2. **Pin dependencies:** Add version constraints to prevent breaking changes.
3. **Document Spotify setup:** Instructions for obtaining credentials.
4. **Remove AcousticBrainz:** Delete defunct integration.
### Short-Term Improvements
1. **Add CI/CD:** GitHub Actions for automated testing and releases.
2. **Add tests:** pytest suite with mocked API calls.
3. **Add Docker support:** Official Dockerfile and Docker Compose.
4. **Add configuration:** Support environment variables and config files.
5. **Add logging:** Structured logging with configurable levels.
### Long-Term Enhancements
1. **Add monitoring:** Prometheus metrics for API latency, success rates.
2. **Add caching:** Redis for cross-instance caching.
3. **Add async support:** Concurrent API calls for better performance.
4. **Add health checks:** Service availability monitoring.

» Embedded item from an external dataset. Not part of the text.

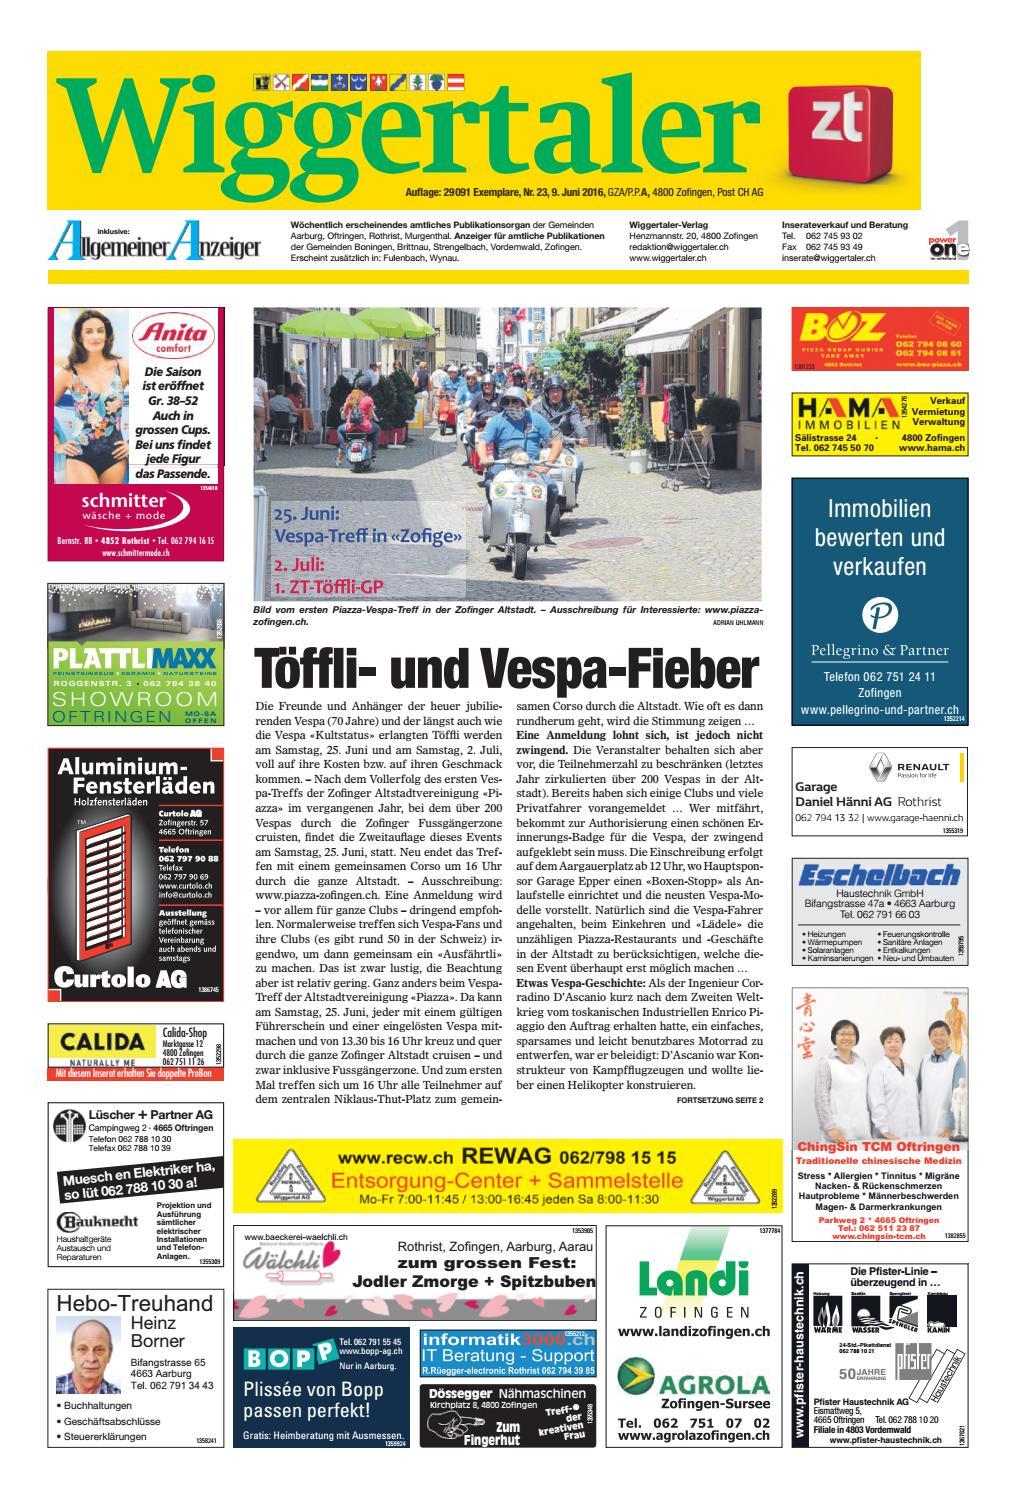 Perfekt Wiggertaler 23/16 By ZT Medien AG   Issuu

5. **Add error tracking:** Sentry integration for production debugging.
6. **Add documentation:** Comprehensive deployment guide.
7. **Add versioning:** Semantic versioning with changelog.
8. **Add security scanning:** Automated dependency vulnerability checks.
## Deployment Maturity Assessment
**Current state:** Research prototype. Suitable for academic exploration, not production.
**Maturity level:** 1/5
**Production readiness:** Low
**Gaps:**
- No PyPI distribution
- No CI/CD
- No tests
- No monitoring
- No error tracking
- Hardcoded configuration
- Dead code (AcousticBrainz)
- No documentation for deployment
**Recommendation:** Use for research and prototyping only. Significant work required for production deployment.